The code accesses a file called colab4 which has my drive access token, you may replicate this on your side or just ignore this altogether and download files manually.  

In [None]:
!lscpu
!nvidia-smi
!free -g

In [None]:
!curl https://rclone.org/install.sh | bash 2> null 1>null

In [None]:
import os
os.environ["TOKENIZERS_PARALLELISM"] = "false"
os.environ["WANDB_DISABLED"] = "true"

In [None]:
!rclone

## Clone repo and prepare the datasets

In [None]:
repo_url = f"https://github.com/mohammed-elkomy/TCE-QQA2023-TASK-B"
!git clone $repo_url
%cd TCE-QQA2023-TASK-B
!pip install -r requirements.txt

### Download and create datasets

In [None]:
!git pull

!python data_scripts/download_datasets.py
!python data_scripts/generate/generate_faithful_splits.py
!python data_scripts/generate/qrcd_merge_train_dev.py

In [None]:
!md5sum data/* | sort -k 2

##### Download pretrained models
Download those files from drive or huggingface
1. araelectra-base-discriminator-2703-arabic_tydiqa
2. bert-base-arabertv02-440-arabic_tydiqa
3. bert-base-arabic-camelbert-ca-78123-arabic_tydiqa

## Fine-tuning

Make sure to use colab for this notebook in order to see the interactive form of experiments.
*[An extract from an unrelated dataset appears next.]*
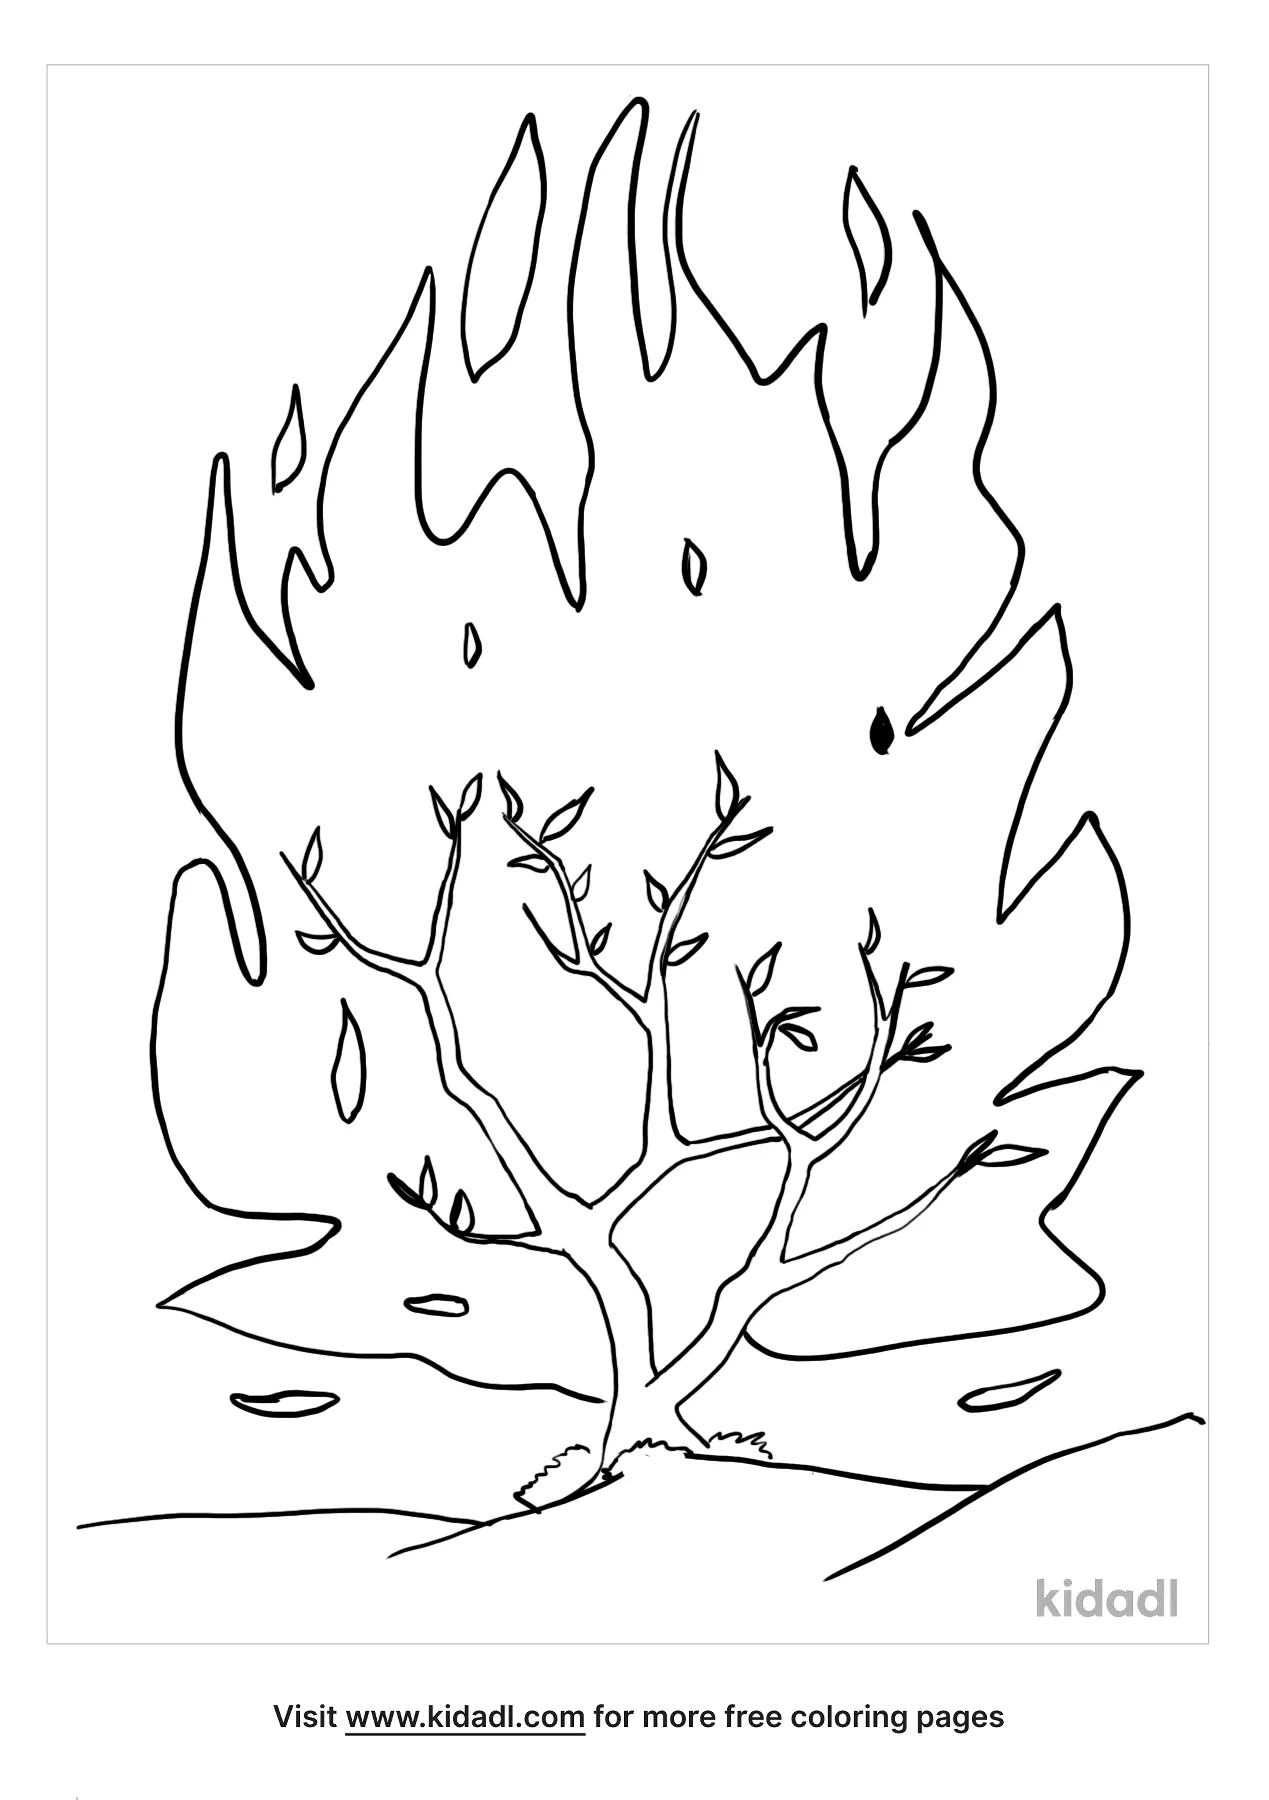 Free burning bush coloring page coloring page printables

* We have 6 different models to choose from listed below.
* Set the number of models to train, we train 20 models to get average performance.
* choose the experiment mode

    1.  QQA23_TaskB_qrcd_v1.2 ➡ normal training with official training data and validation with official validation data.  
    2. my-faithful-processed ➡ combines training and validation data to create faithful splits to address leakage (check the paper for more).
    3.   QQA23_TaskB_qrcd_v1.2_merged ➡ combining training and validation for training and perform inference using hidden split (done for testing phase).
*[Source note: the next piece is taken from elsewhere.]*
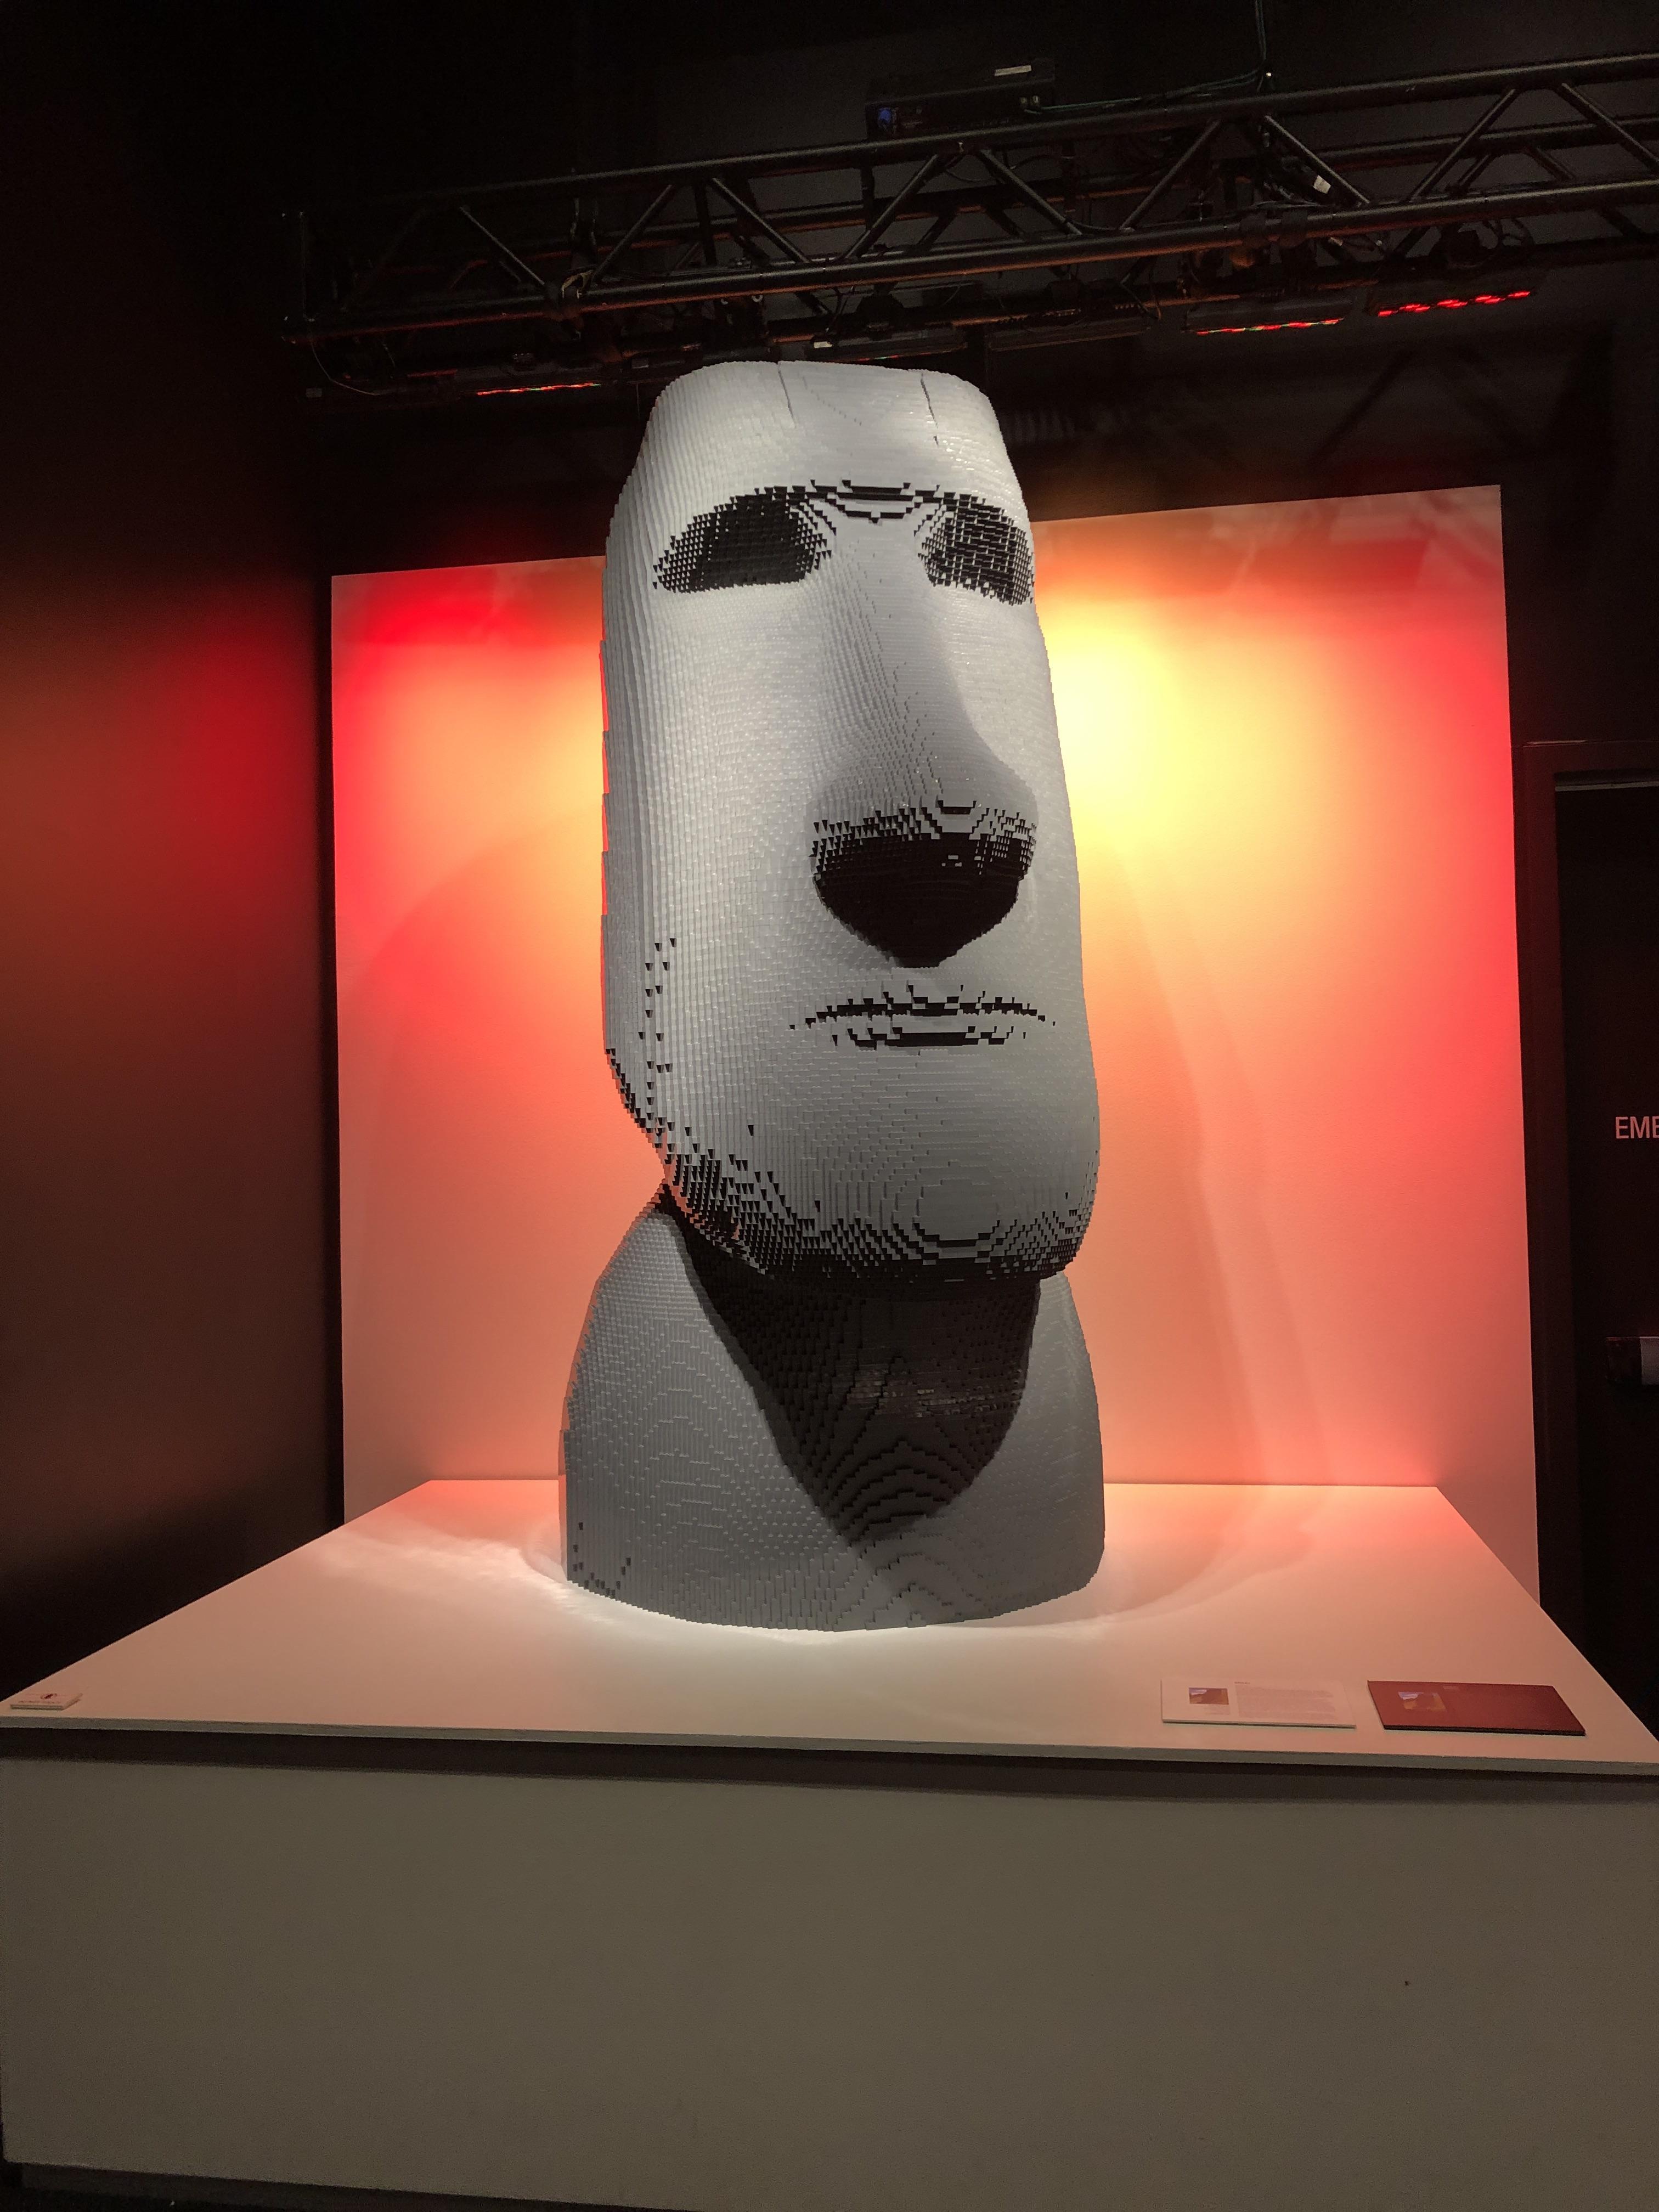 1:1 Easter Island head made of LEGO

* loss type: is the way of training
    1. first ➡ only use the first answer for multi-answer questions.
    2. MAL ➡ the model trained to jointly optimize on **all** answers for multi-answer samples

---

**Once the training is made you will find a dump file saved!**

something like: bert-base-arabertv02-fine-tuned-2e-05-first-827-QQA23_TaskB_qrcd_v1.2_train.zip
This is a bert-base-arabertv02 fine-tuned model with:
1. learning rate of 2e-05.
2. first learning method.
3. A random starting seed of 827.
4. QQA23_TaskB_qrcd_v1.2_train training data is used

This dump file contains all summary results and model predictions for each sample.
You can look at the **analysis** directory of the repo for more details.




In [None]:
import os
from random import choice
import glob

model_name = "aubmindlab/araelectra-base-discriminator"  # @param ["bert-base-arabic-camelbert-ca-78123-arabic_tydiqa", "araelectra-base-discriminator-2703-arabic_tydiqa", "bert-base-arabertv02-440-arabic_tydiqa","------", "aubmindlab/bert-base-arabertv02", "CAMeL-Lab/bert-base-arabic-camelbert-ca", "aubmindlab/araelectra-base-discriminator" ]
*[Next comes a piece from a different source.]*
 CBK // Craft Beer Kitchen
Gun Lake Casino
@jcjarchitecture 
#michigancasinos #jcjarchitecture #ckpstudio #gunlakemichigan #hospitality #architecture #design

num_models = 19 # @param {type:"integer"}

experiment_mode = "my-faithful-processed"  # @param ["QQA23_TaskB_qrcd_v1.2", "QQA23_TaskB_qrcd_v1.2_merged", "my-faithful-processed"]
loss_type = "MAL"  # @param ['first', 'MAL']

lr = "2e-5"  # @param ["2e-5","1e-5","5e-6","1e-6"]

pairwise_decoder = True # insensitive parameter (linear vs all-pairs decoding)

for idx in range(num_models):
    out_file = f"{idx}-out.txt"
    err_file = f"{idx}-err.txt"
    if experiment_mode == "my-faithful-processed":
        train_file = choice(glob.glob("data/my-faithful-processed*_train*"))
        train_file = os.path.split(train_file)[-1]
        validation_file = train_file.replace("_train","_dev")
    elif experiment_mode == "QQA23_TaskB_qrcd_v1.2_merged":
        train_file = "QQA23_TaskB_qrcd_v1.2_merged_preprocessed.jsonl"
        validation_file = None
    elif experiment_mode == "QQA23_TaskB_qrcd_v1.2":
        train_file = experiment_mode+ "_train_preprocessed.jsonl"
        validation_file = experiment_mode+ "_dev_preprocessed.jsonl"
    else:
        train_file = experiment_mode+ "_train.jsonl"
        validation_file = experiment_mode+ "_dev.jsonl"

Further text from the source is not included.